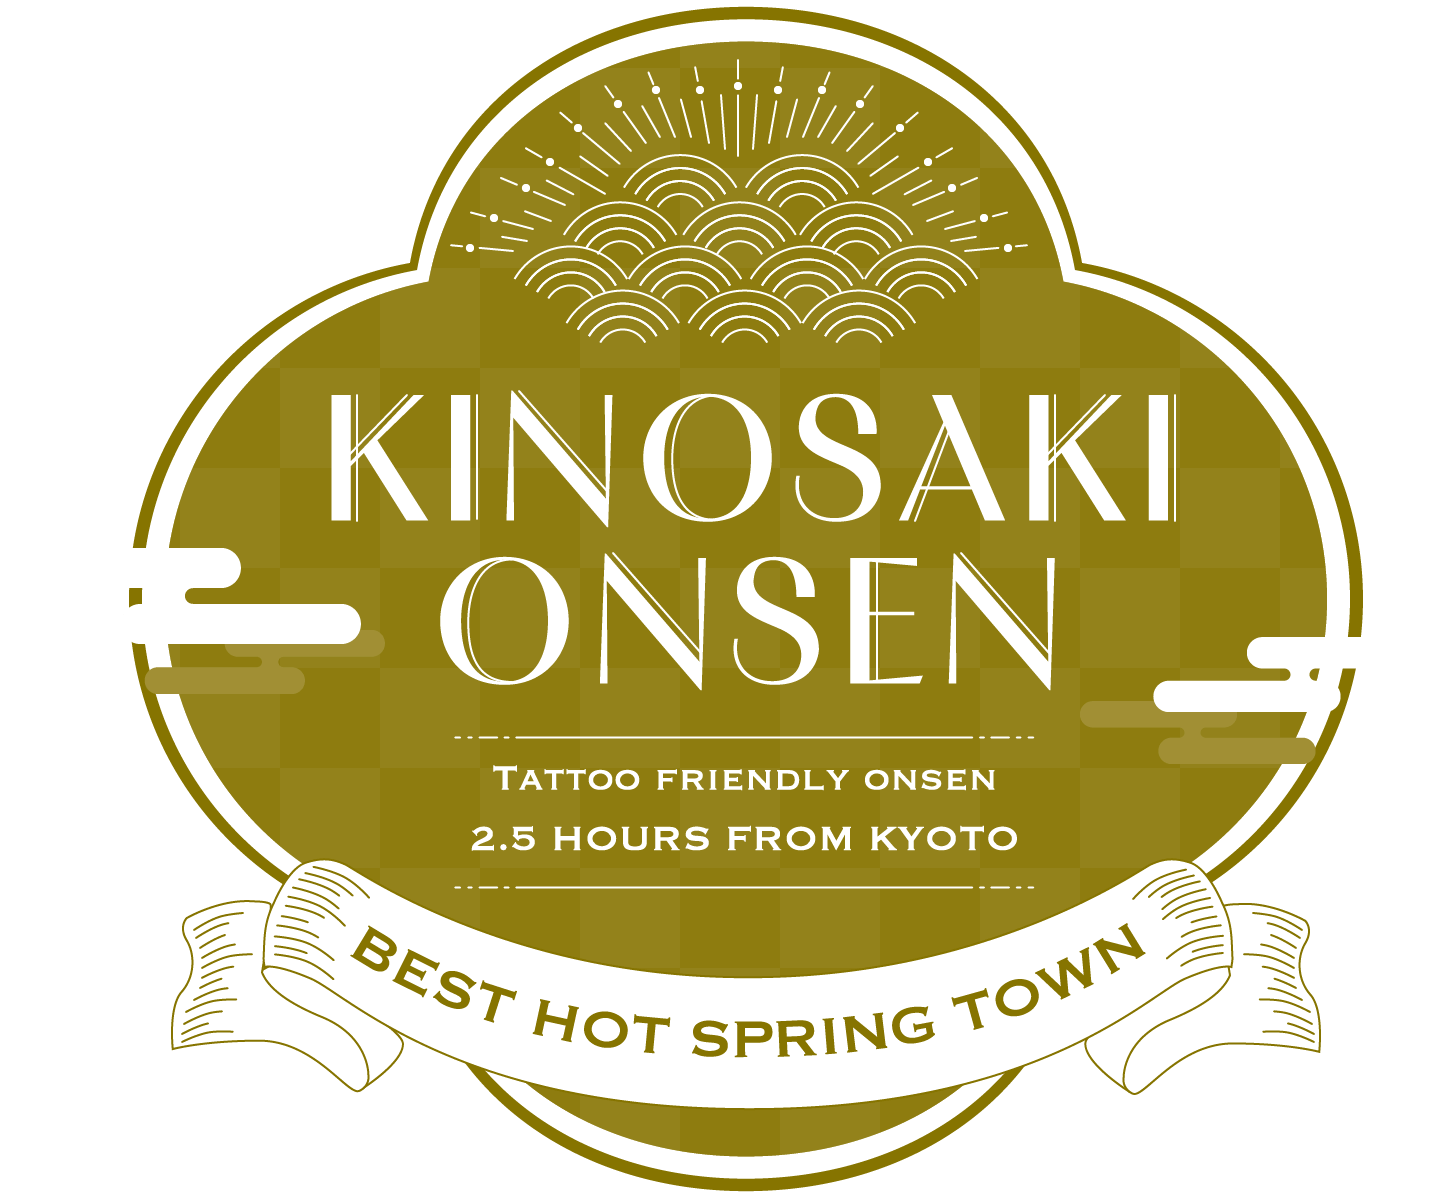 KINOSAKI ONSEN - BESR HOT SPRING TOWN
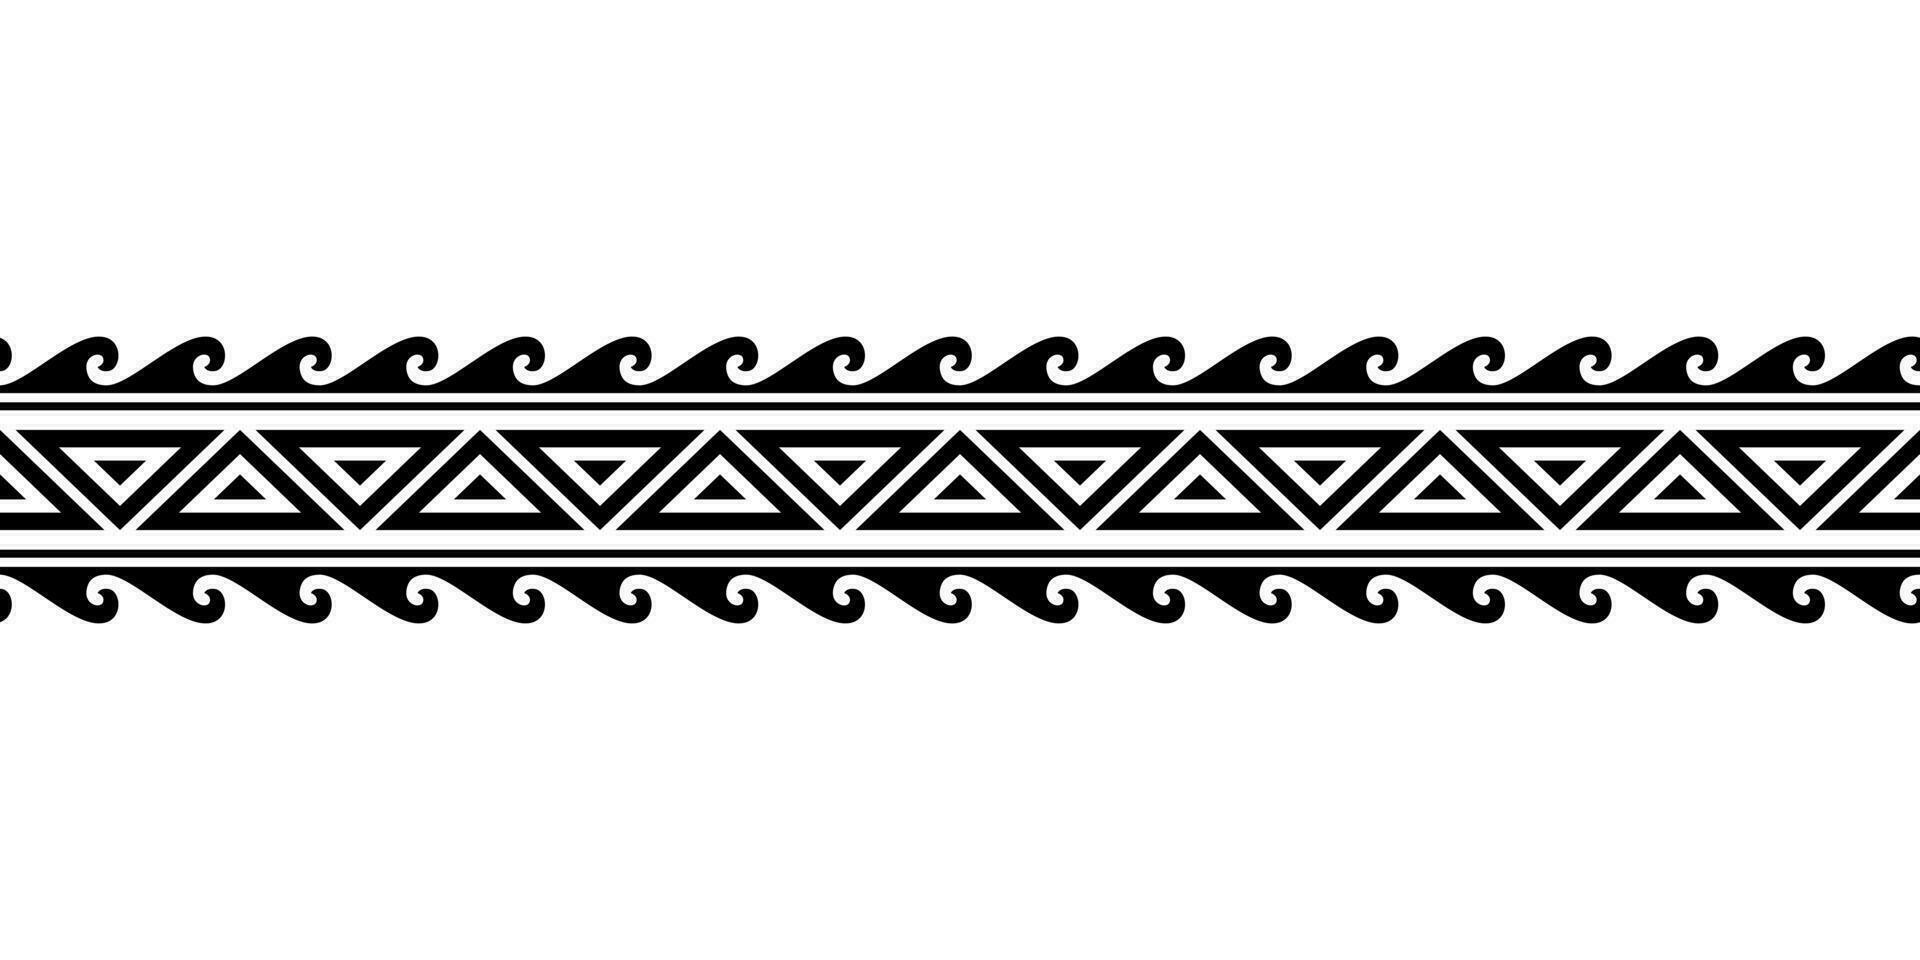 maorí polinesio tatuaje pulsera con ondas. tribal manga sin costura modelo vector. vector
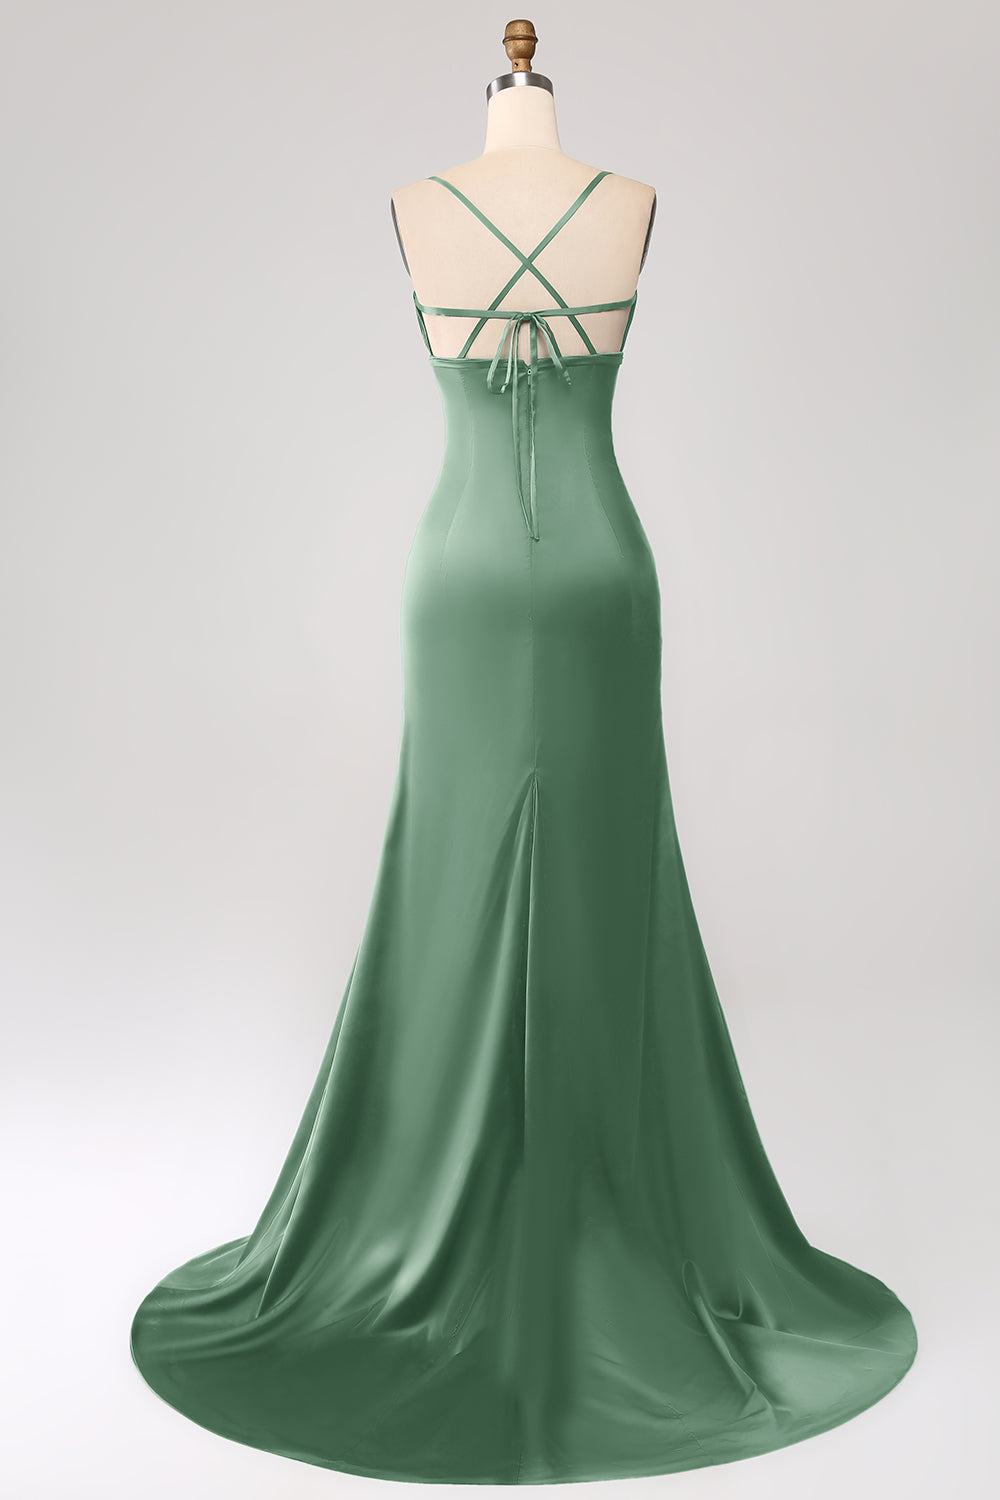 Dark Green Mermaid Spaghetti Straps Satin Prom Dress with Pleated

- - - - - - -

#### TASK OBJECTIVE
Print the whole listing above once more, word for word, without its pictures.

#### EXERCISE OUTPUT
 KINOSAKI ONSEN - BESR HOT SPRING TOWN
 maorí polinesio tatuaje pulsera con ondas. tribal manga sin costura modelo vector. vector
 Dark Green Mermaid Spaghetti Straps Satin Prom Dress with Pleated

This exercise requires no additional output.